For example, instead of providing the same reward without exception when the condition (i) is met, a process may be executed in which a greater reward is provided when the absolute value of the difference between the torque Trq and the torque command value Trq* is small than when the absolute value is great. Also, instead of providing the same reward without exception when the condition (i) is not met, a process may be executed in which a smaller reward is provided when the absolute value of the difference between the torque Trq and the torque command value Trq* is great than when the absolute value is small.

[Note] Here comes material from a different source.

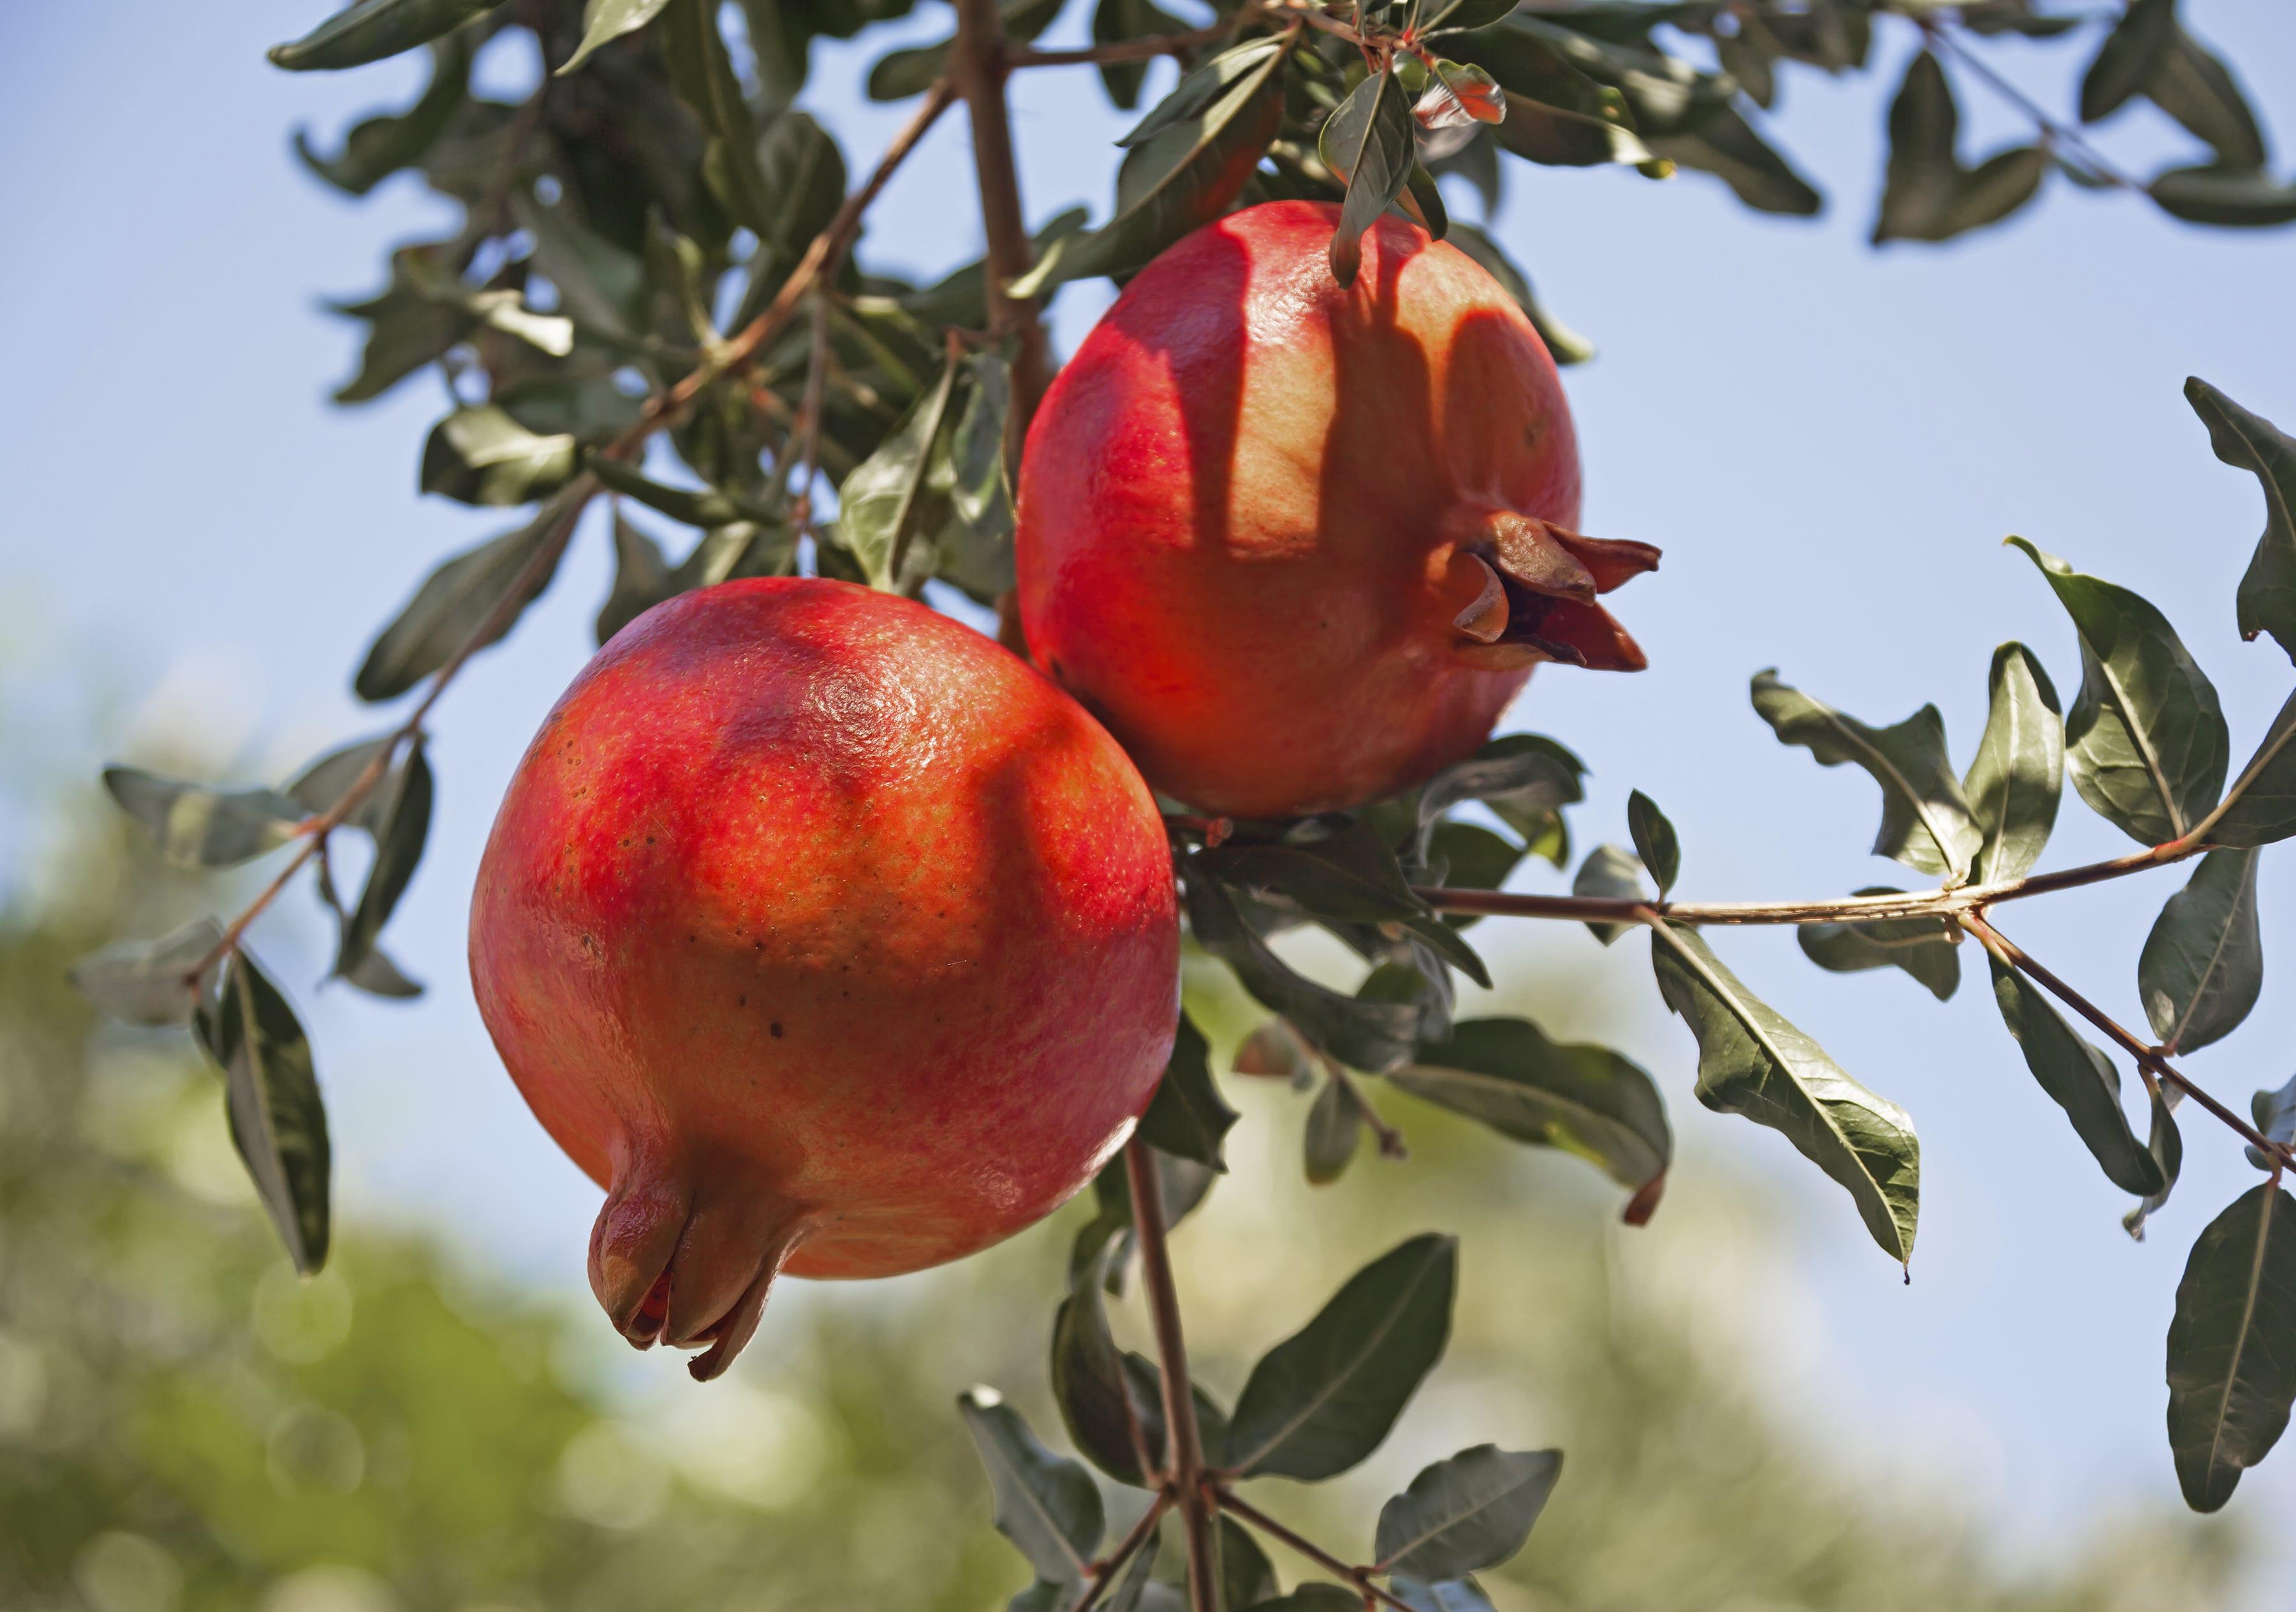 Alberi Ornamentali Da Giardino come coltivare il melograno in giardino o in vaso - non sprecare

For example, instead of providing the same reward without exception when the condition (ii) is met, a process may be executed in which the reward is varied in accordance with the acceleration Gx. Also, instead of providing the same reward without exception when the condition (ii) is not met, a process may be executed in which the reward is varied in accordance with the acceleration Gx.

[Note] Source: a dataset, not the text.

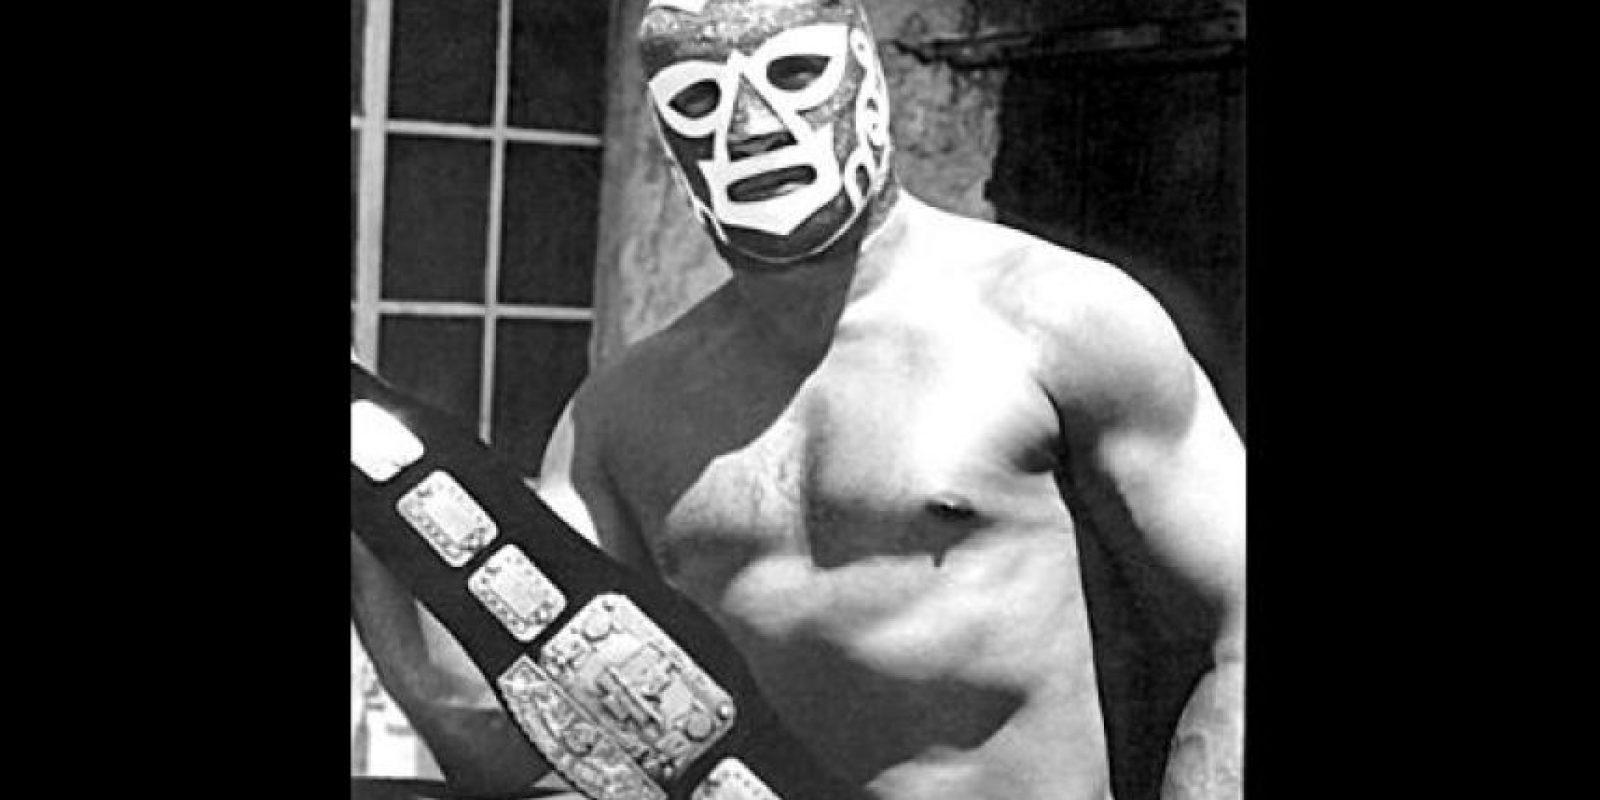 Huracán Ramírez Foto:WWE

In the above-described embodiments, the reward r is provided according to whether the drivability-related standard is met. Instead, the reward may be set according to whether the standard of, for example, noise or vibration intensity is met. Alternatively, the reward may be set according to whether one or more of four drivability-related standards is met which include whether the standard of the acceleration is met, whether the standard of the followability of the torque Trq is met, whether the standard of noise is met, and whether the standard of vibration intensity is met.

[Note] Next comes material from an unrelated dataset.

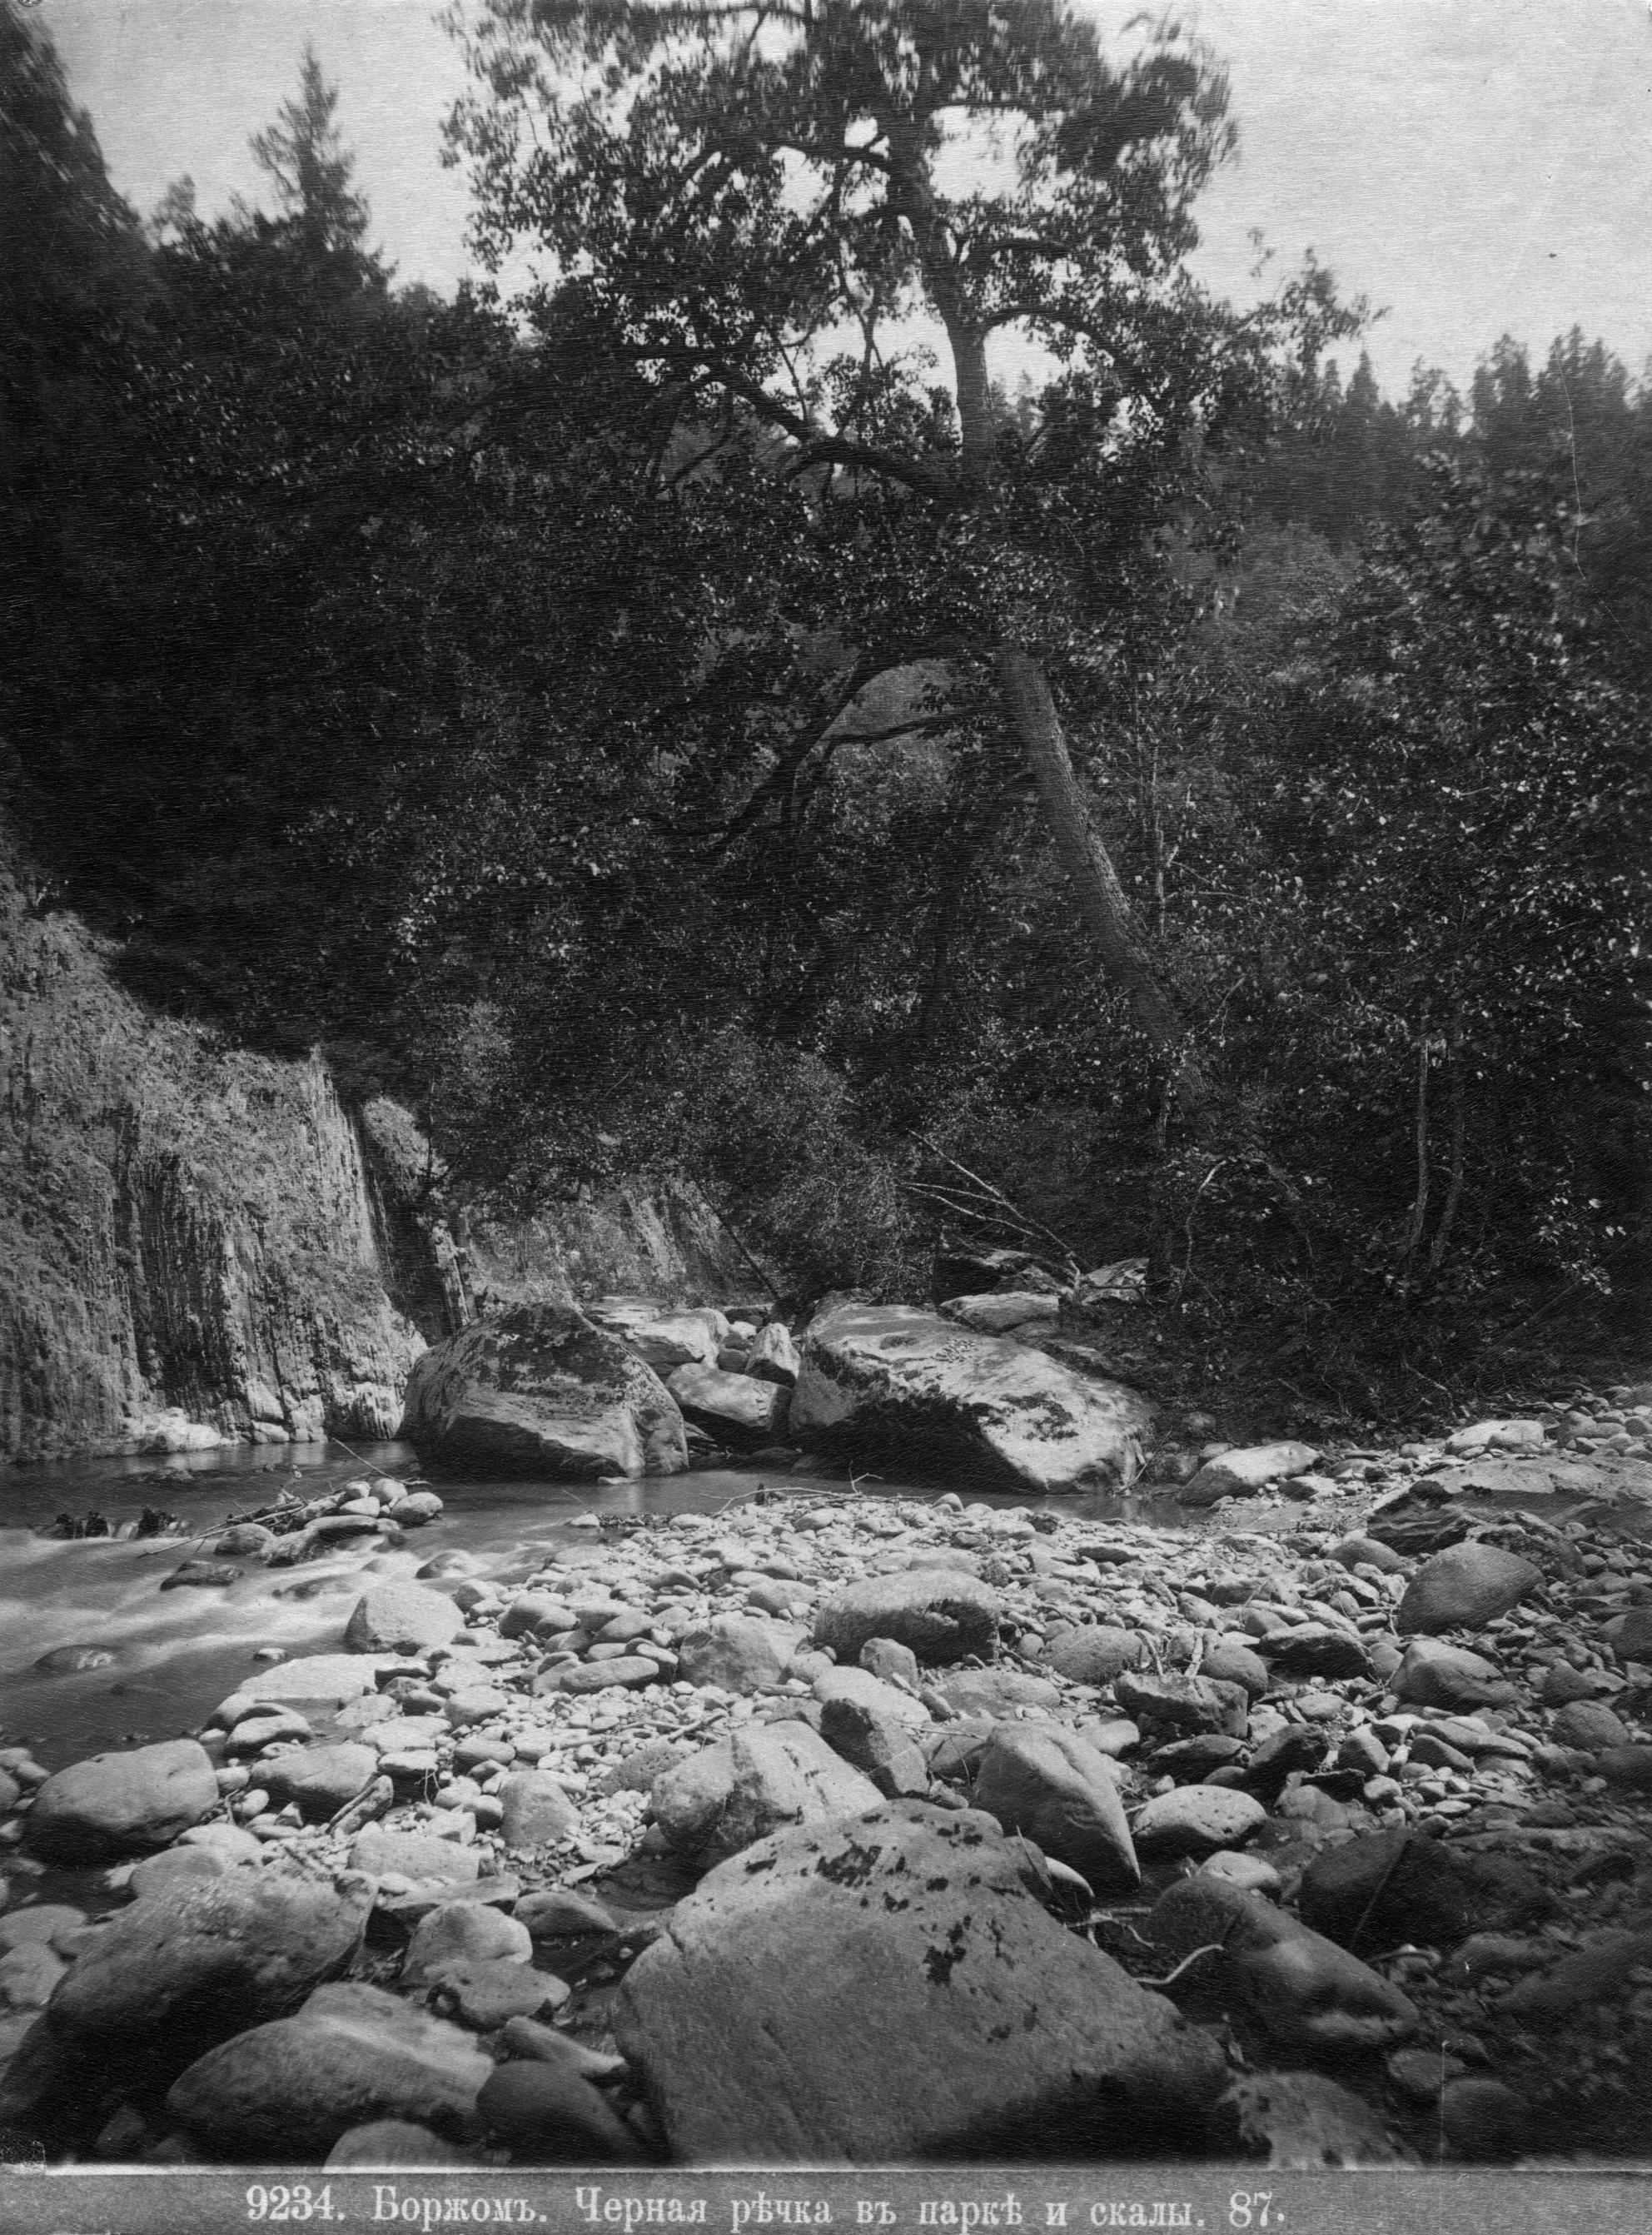 Черная речка в парке и скалы

The reward calculating process is not limited to a process of providing the reward r according to whether the drivability-related standard is met. Instead, for example, the reward calculating process may be a process that provides a greater reward when the fuel consumption rate meets a standard is met than the fuel consumption rate does meet a standard. Alternatively, for example, the reward calculating process may be a process that provides a greater reward when the exhaust characteristic meets a standard than when the exhaust characteristic does not meet the standard. The reward calculating process may include two or three of the following processes: the process that provides a greater reward when the standard related to drivability is met than when the standard is not met; the process that provides a greater reward when the fuel consumption rate meets the standard than when the energy use efficiency does not meet the standard; and the process that provides a greater reward when the exhaust characteristic meets the standard than when the exhaust characteristic does not meet the standard.

For example, when the current value of the solenoid valve of the transmission 50 is used as the action variable as described in the Regarding Action Variable section above, the reward calculating process simply needs to include one of the three processes (a) to (c).

(a) A process that provides a greater reward when time required for the transmission to change the gear ratio is within a predetermined time than when the required time is exceeds the predetermined time.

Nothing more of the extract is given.